01 November 2014Australian Wine Annual 2015 - Giaconda Estate Shiraz 2012 (98 points)
Since 1999 Rick Kinzbrunner has been fashioning cutting-edge cool climate Australian shiraz. Fifteen years ago there weren’t too many Victorians making this variety into a style we perhaps more associate with the northern Rhône Valley, but Kinzbrunner has always drawn inspiration from the wines he most enjoys drinking. So until 2008, the only Shiraz from Giaconda was the deliciously perfumed, floral, spicy and savoury Warner Vineyard Shiraz, which has been continually sourced from a sloping, north-facing section of the Warner Vineyard, 6.5 km from Beechworth and located at a marginally cooler, higher site than that of the Giaconda Vineyard itself. For many years I have rated this as a 5-Star wine.

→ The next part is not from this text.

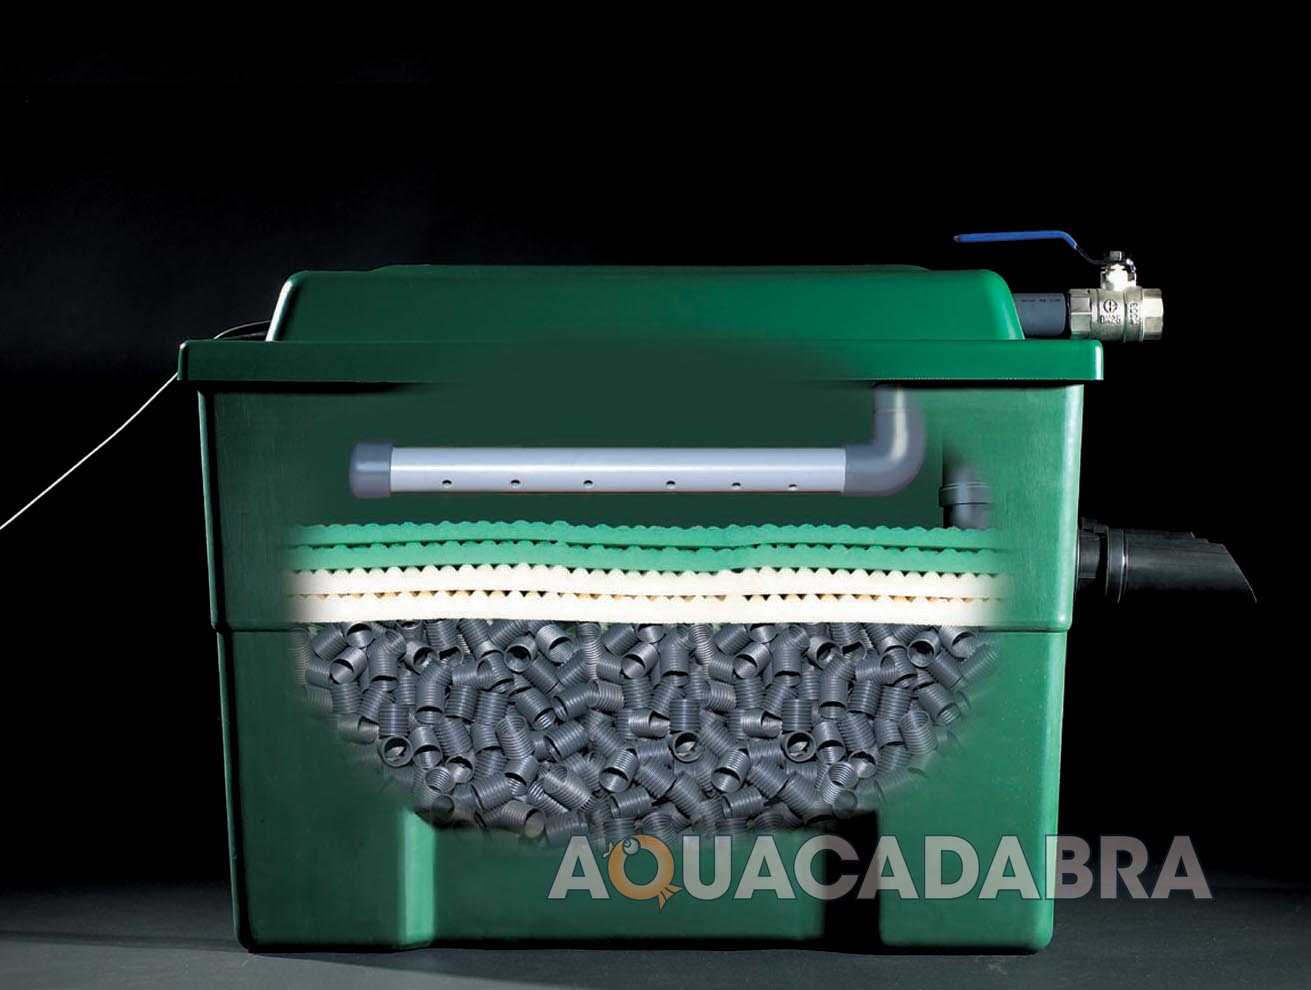 Lotus Green Genie 6500 Uv Filter Box 18w Water Clarifier

It took a long time for Kinzbrunner to plant shiraz at Giaconda, since for the first decade and a half at his Beechworth site he was more concerned at matching different parcels of the property with chardonnay, pinot noir and cabernet sauvignon. But the consistent quality from the Warner site convinced him that a warmer, north-facing plot at the top of the property was just the place to plant two acres of shiraz, with Hermitage well and truly in his sights. In itself this was a radical but confident decision, because Kinzbrunner initially chose the predominantly south-facing property to reduce the impact of heat on its elevated but still warmish location.

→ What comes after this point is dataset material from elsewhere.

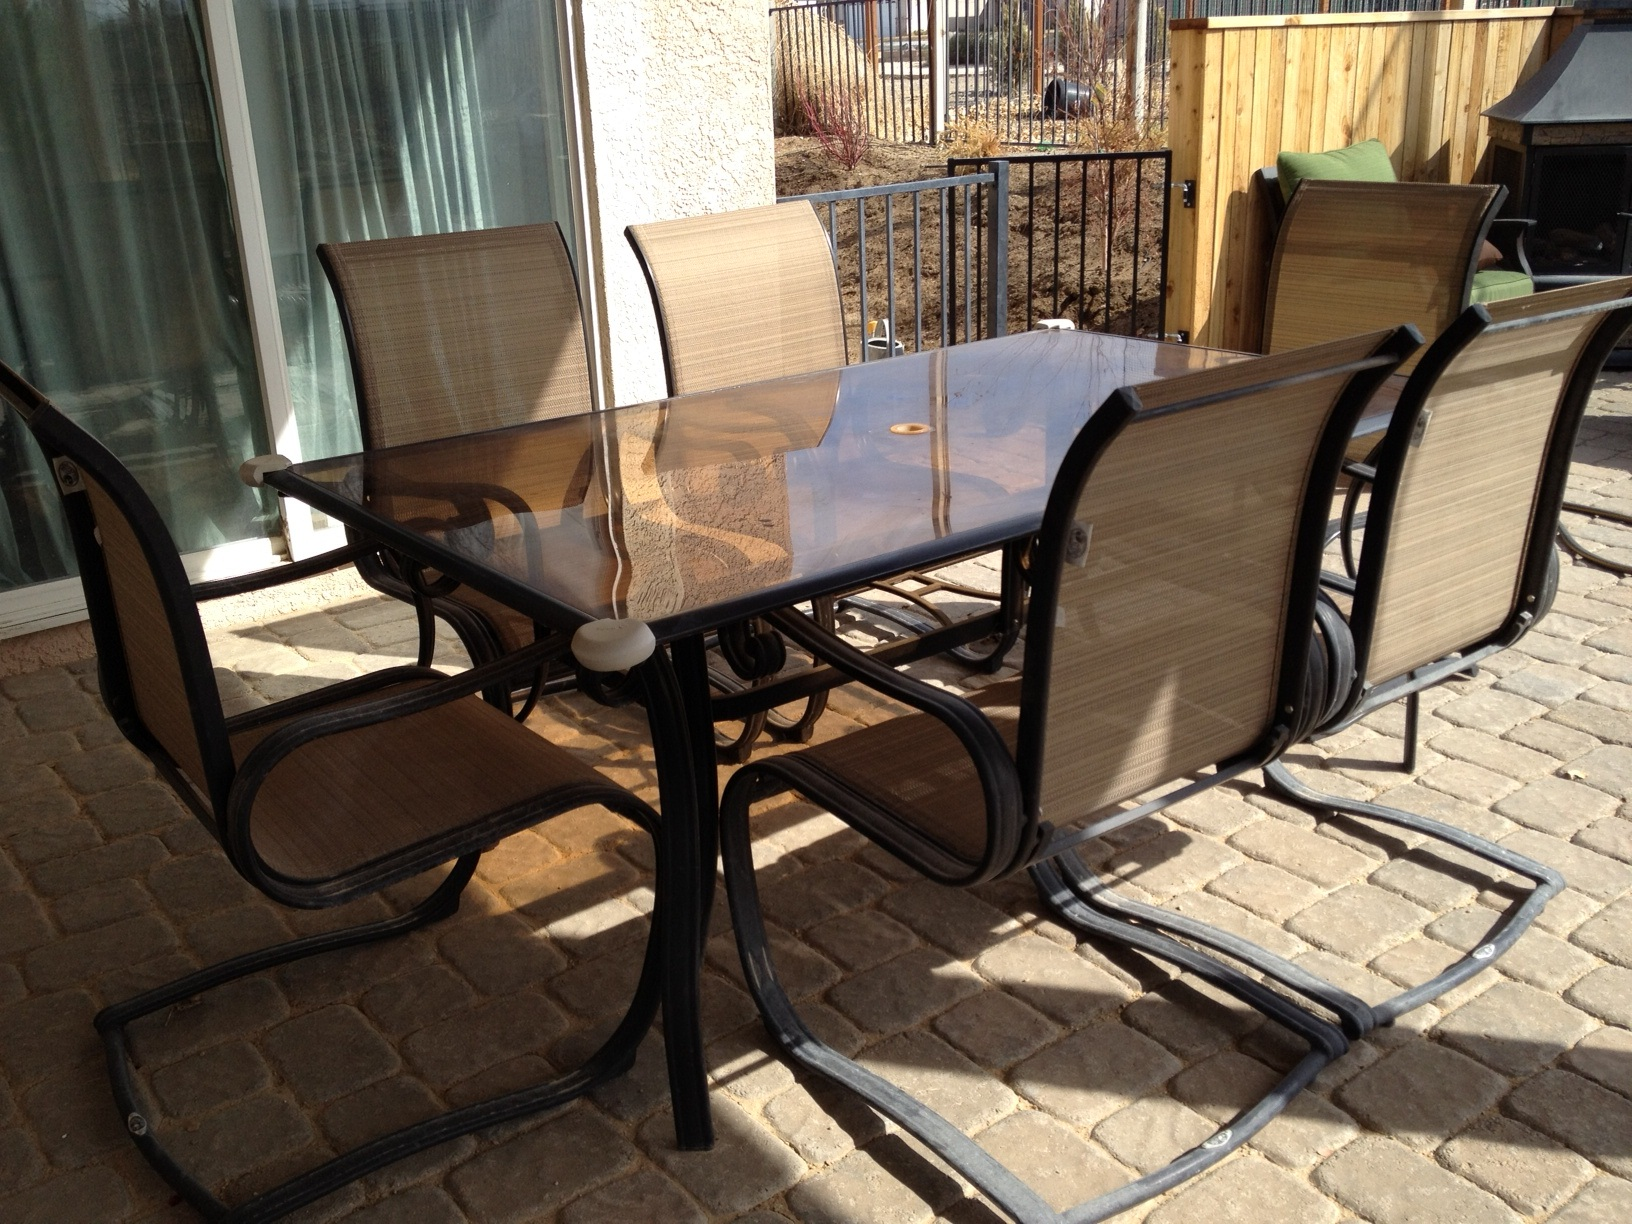 6 chair patio set decor ideas

Retarded by the extended drought of the first decade this century, the young shiraz vines struggled to develop and produce a crop, but in doing so dug their feet deep into the site’s granitic loam soils, which overlie decomposed gravel and clay. But when they came, the results were astonishing. The first wine from the new shiraz vines was the 2008 vintage, quickly affirming the site’s potential with what I described at the time as a ‘super Rhône’. It quickly revealed the layered, meaty and mineral attributes we now expect from the site. Kinzbrunner fine-tuned winemaking regimes for the next two vintages, exploring means by which to express the potential of the site’s terroir into anexpression of shiraz fit to rival the Rhône’s elite. Very closed and reductive in their youth, cloaked by layers of oak and tannin, the 2010 and 2011 releases delivered quality, but not enough to meet Kinzbrunner’s expectations, or even indeed the Warner Vineyard Shiraz in 2010. All that has changed with the 2012 vintage. Fermented in tank with a small proportion of viognier, it was matured in the mineshaft-like cellar under the Giaconda vineyard for 22 months inside French oak barrels, around a third of which were new. From its earliest days it looked special. Thankfully, it is safely into bottle for its real journey now to begin.

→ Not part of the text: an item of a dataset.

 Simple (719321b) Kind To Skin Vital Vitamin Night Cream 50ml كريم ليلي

I like the fact that winemakers like Rick Kinzbrunner, Phillip Jones, Joe Grilli and Roman Bratasiuk are so honest and focused on their extraordinary ambitions. From the outset, Kinzbrunner started this project to make a wine worthy of the greatest sites of the northern Rhône, and he didn’t mind who he told about it. The clearest ambitions can carry with them the highest risk, but the risk can bring the reward.
In this case, the reward is a wine that does what Kinzbrunner has done before with chardonnay, and is also promising to do again with nebbiolo. It is taking the perceptions of what has been considered possible with Australian wine, spinning them about and exposing them for their shameful lack of imagination and inspiration. That’s what great winemakers do and why the Giaconda Estate Shiraz 2012 is such a worthy Wine of the Year.